In response to the US actions, three major camps are forming around the world:

  • Regulatory integration camp: Canadian banking regulators announced that they are ready to regulate stablecoins, and the framework is being formulated. This echoes the US regulatory trend and forms a coordinated trend in North America. Coinbase will launch American perpetual contracts in July and use stablecoins to settle funding rates.

  • Innovation defense camp: Hong Kong and Singapore show divergent regulatory paths. Hong Kong adopts a prudent tightening approach and positions stablecoins as a "virtual bank alternative"; Singapore promotes a "stablecoin sandbox" to allow experimental issuance. This difference may lead to regulatory arbitrage and weaken Asia's overall competitiveness.

  • Alternative camp: People in countries with high inflation use stablecoins as "safe haven assets", weakening the circulation of local currencies and the effectiveness of central bank monetary policy. These countries may accelerate the development of local stablecoins or multilateral digital currency bridge projects, but face severe trade challenges.

The international system will also change: from unipolarity to a "hybrid architecture", and the current reform plan presents three paths:

  • Diversified currency union (highest probability): The U.S. dollar, the euro and the renminbi form a tripolar reserve currency, supplemented by a regional settlement system (such as the ASEAN multilateral currency swap).

  • Competition in digital currencies: 130 countries are developing central bank digital currencies (CBDCs). The digital RMB has been piloted in cross-border trade and may reshape payment efficiency but faces the challenge of sovereignty transfer.

  • Extreme fragmentation: If geopolitical conflicts escalate or separate dollar, euro and BRICS currency camps are formed, global trade costs will surge.

PayPal CEO Alex Chriss pointed out the key bottleneck: "From a consumer perspective, there is currently no real incentive to promote the popularization of stablecoins." The company is launching a reward mechanism to solve the adoption problem, while decentralized exchanges such as XBIT are solving the trust problem through smart contracts.

The Deutsche Bank report predicts that with the implementation of the "Beautiful Big Bill", the Federal Reserve will be forced to cut interest rates and the US dollar will weaken significantly.

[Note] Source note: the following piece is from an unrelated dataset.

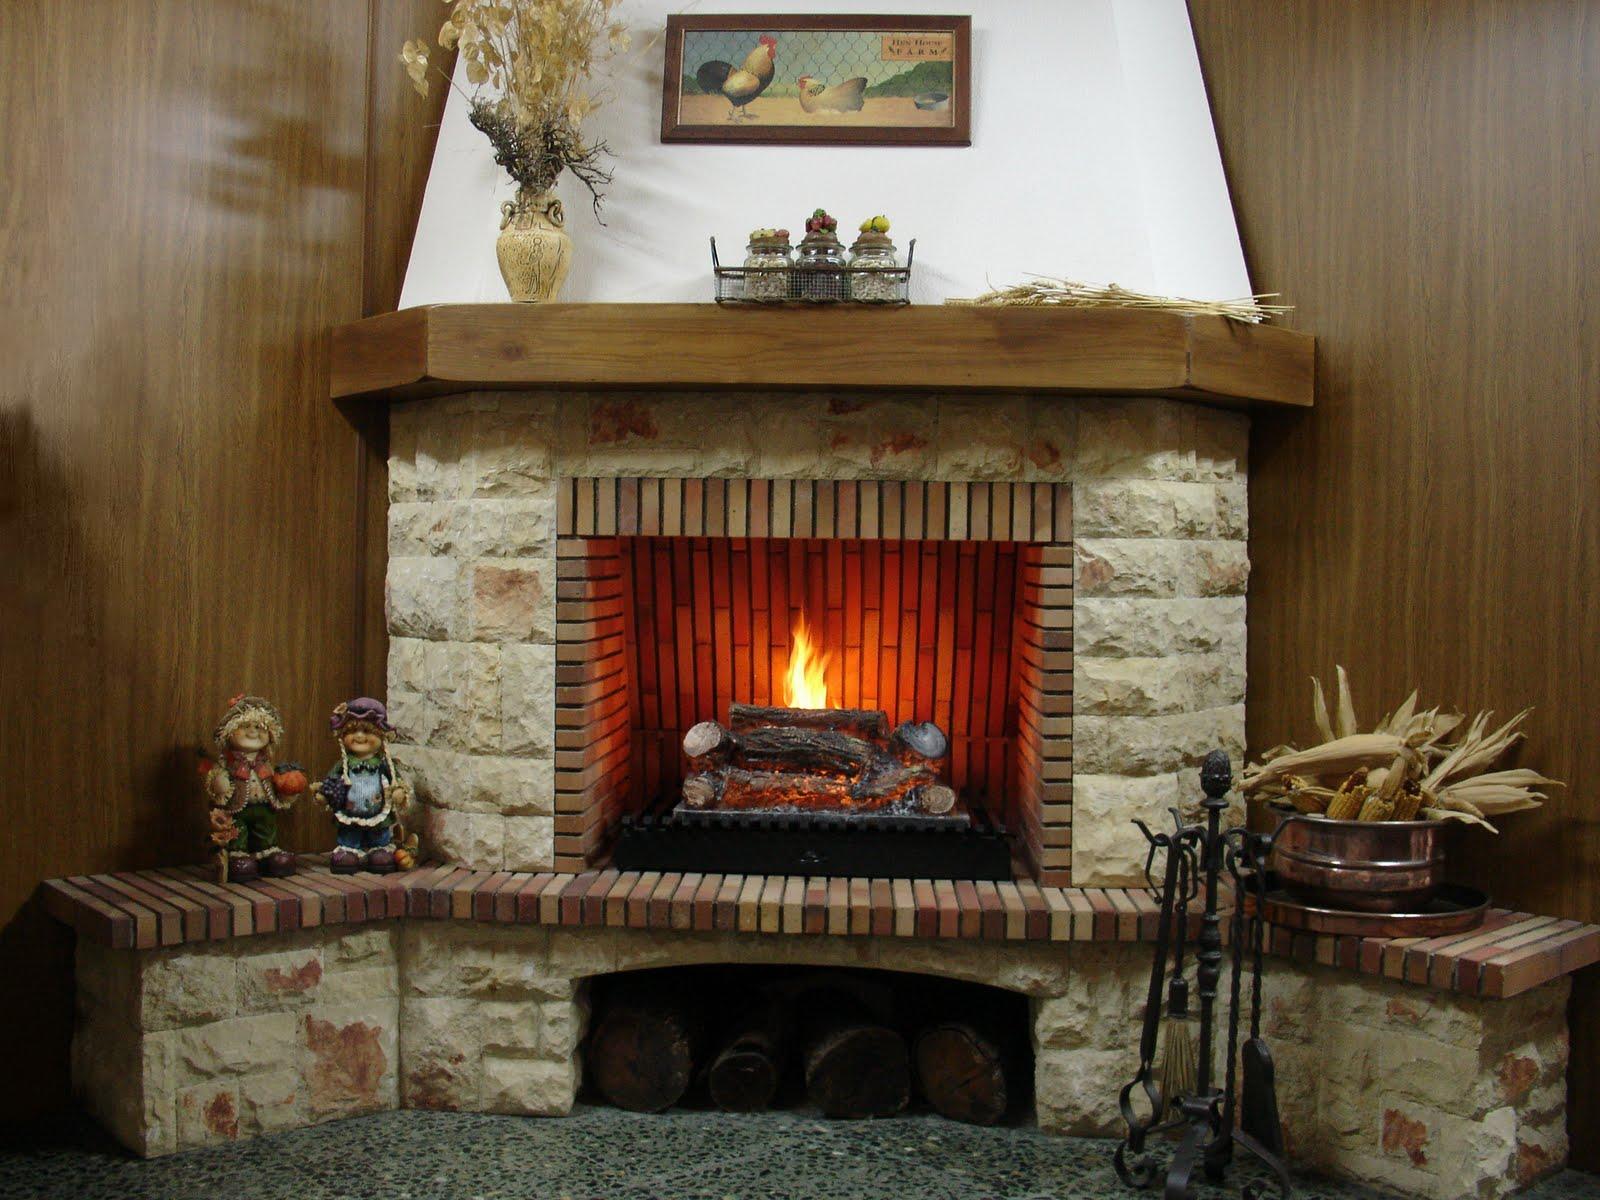 La palmera negra la chimenea - Chimenea de gas natural ...

By 2030, when stablecoins hold $1.2 trillion in US debt, the global financial system may have quietly completed the on-chain reconstruction - the US dollar hegemony is embedded in every transaction of the blockchain in the form of code, and the risk spreads to every participant through the decentralized network.

Technological innovation has never been a neutral tool. When the US dollar is dressed in the cloak of blockchain, the game of the old order is being played out on a new battlefield!